** DIRECTIONS FOR THIS TASK **
Write the listing below out again in full, dropping its pictures.

** INFORMATION SUPPLIED **
----

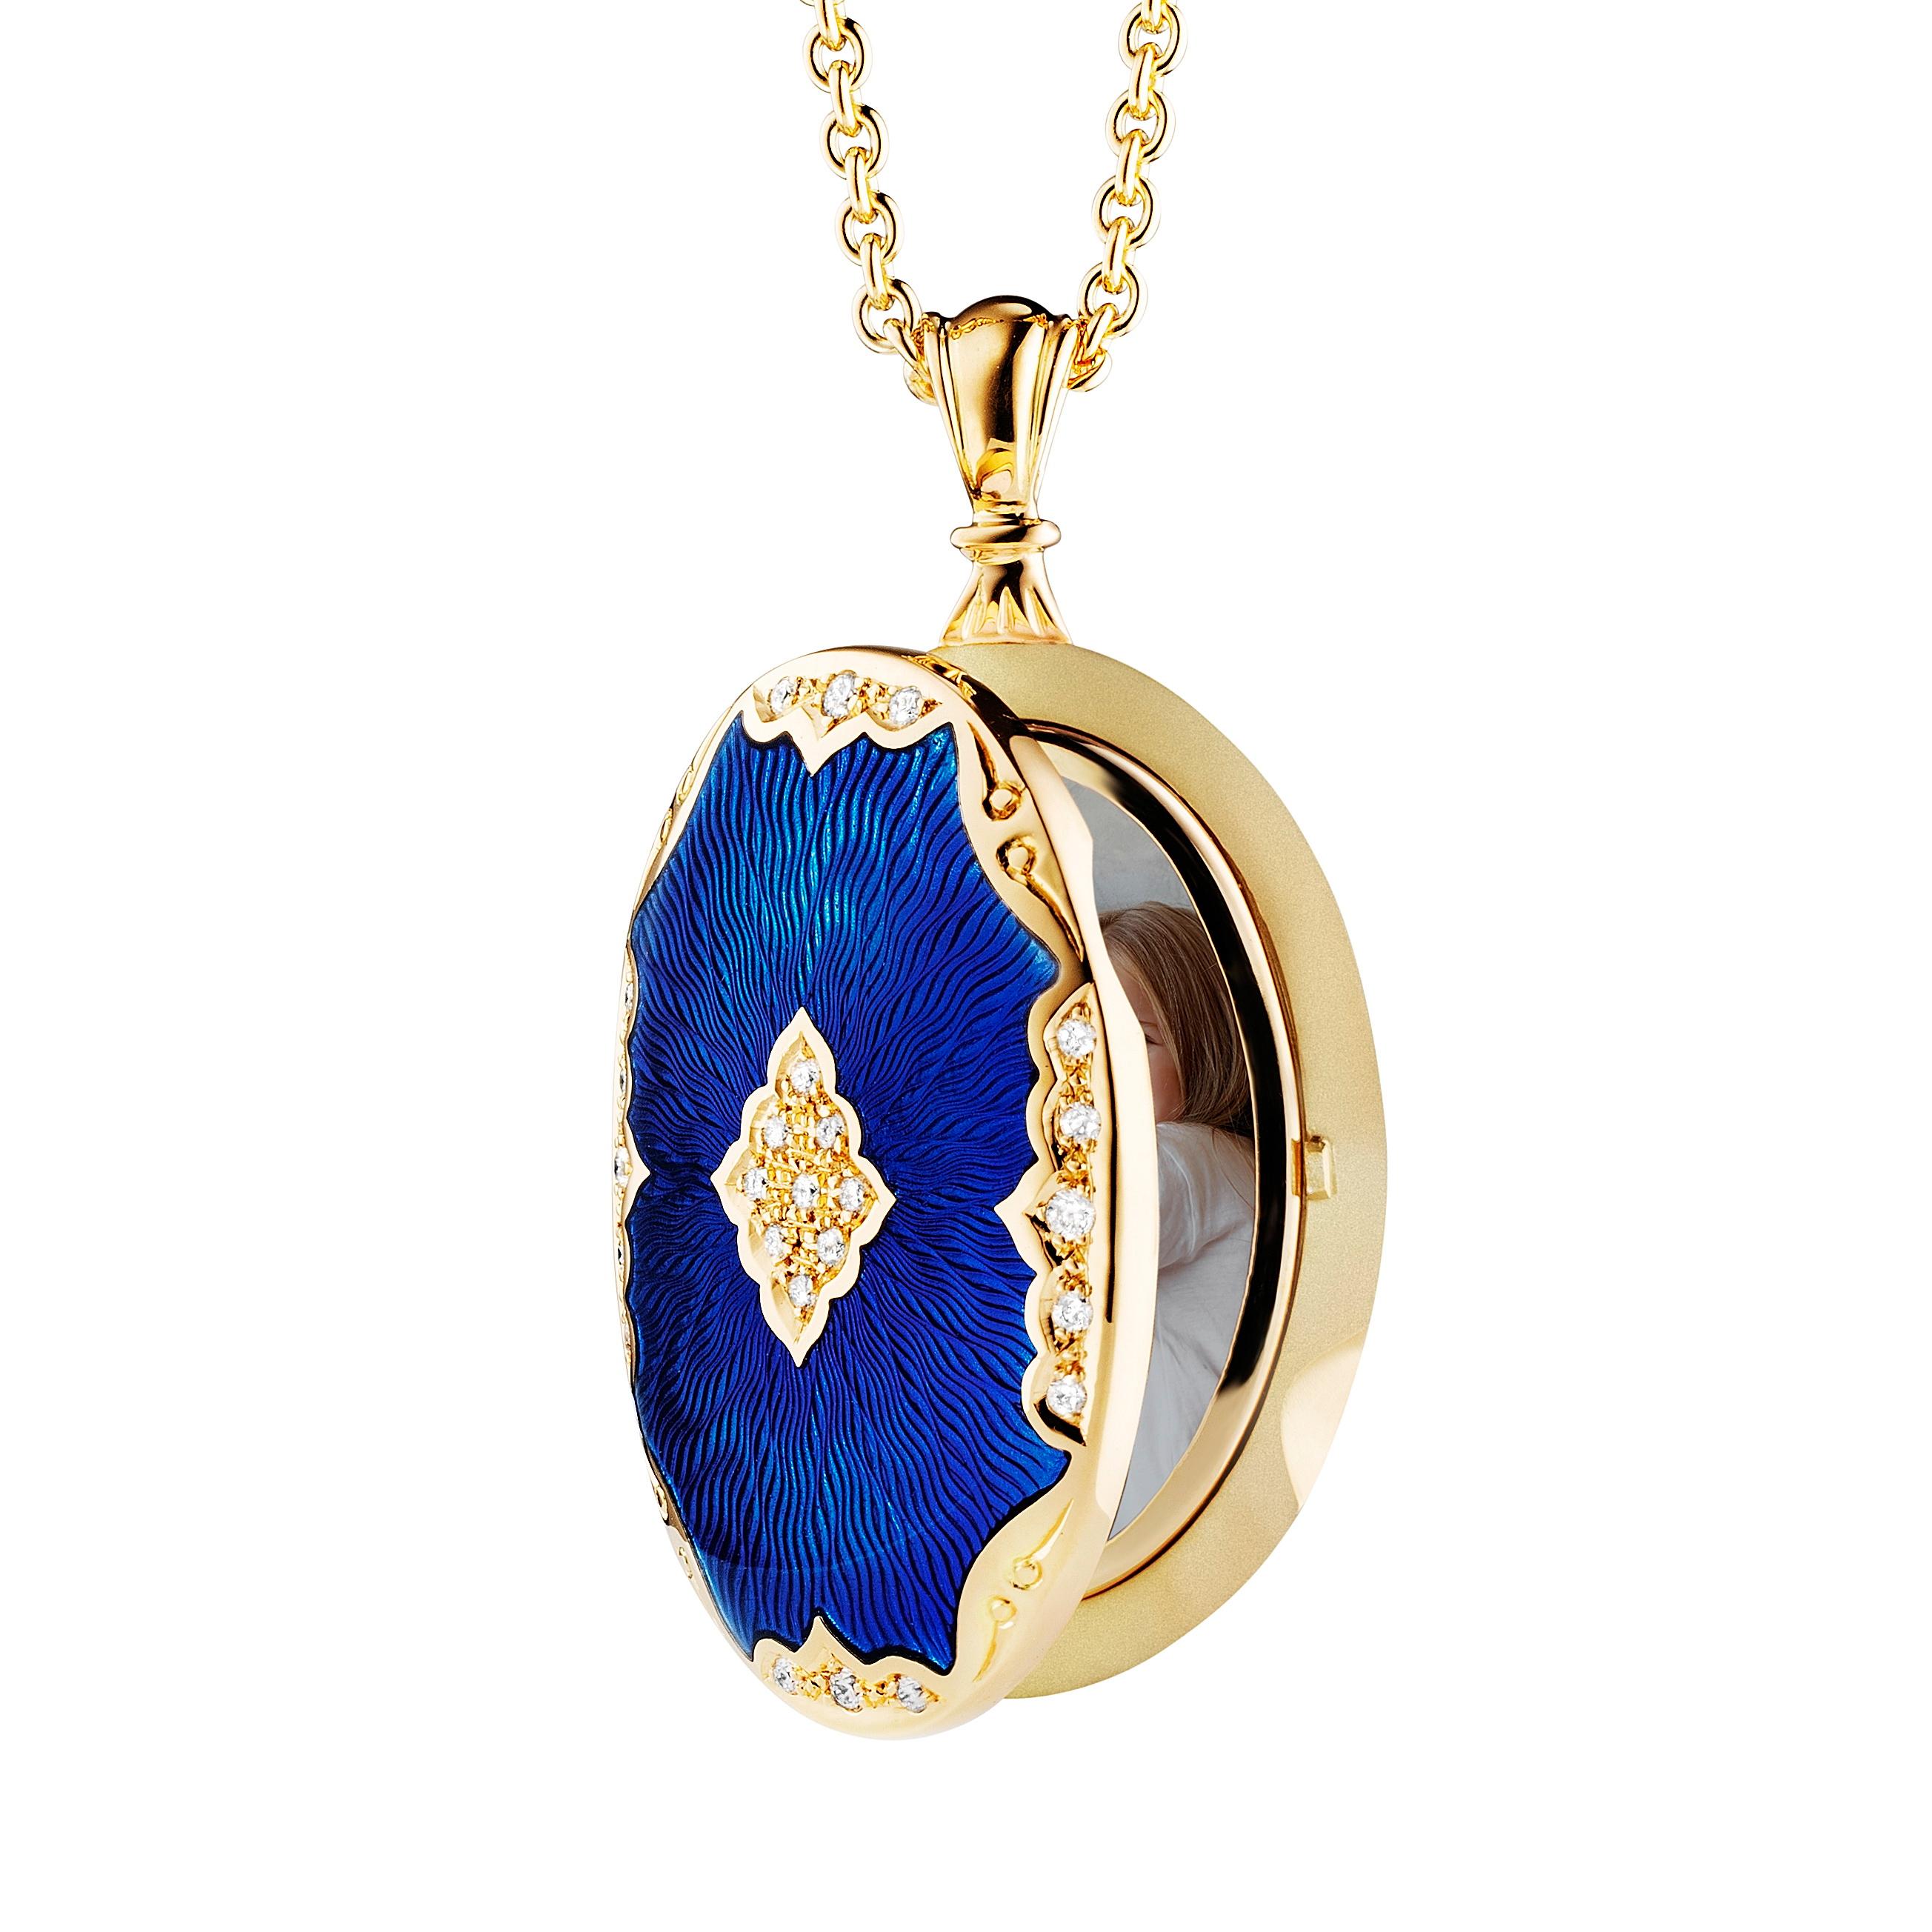 Victor Mayer oval locket pendant neckalce 18k yellow gold, electric blue vitreous enamel, 25 diamonds, total 0.19 ct, measurements app. 25.0 mm x 36.0 mm, chain with four enamel links, 45 cm. 

About the creator Victor Mayer
Victor Mayer is

----

** ANSWER TO THE EXERCISE **
 Victor Mayer oval locket pendant neckalce 18k yellow gold, electric blue vitreous enamel, 25 diamonds, total 0.19 ct, measurements app. 25.0 mm x 36.0 mm, chain with four enamel links, 45 cm. 

About the creator Victor Mayer
Victor Mayer is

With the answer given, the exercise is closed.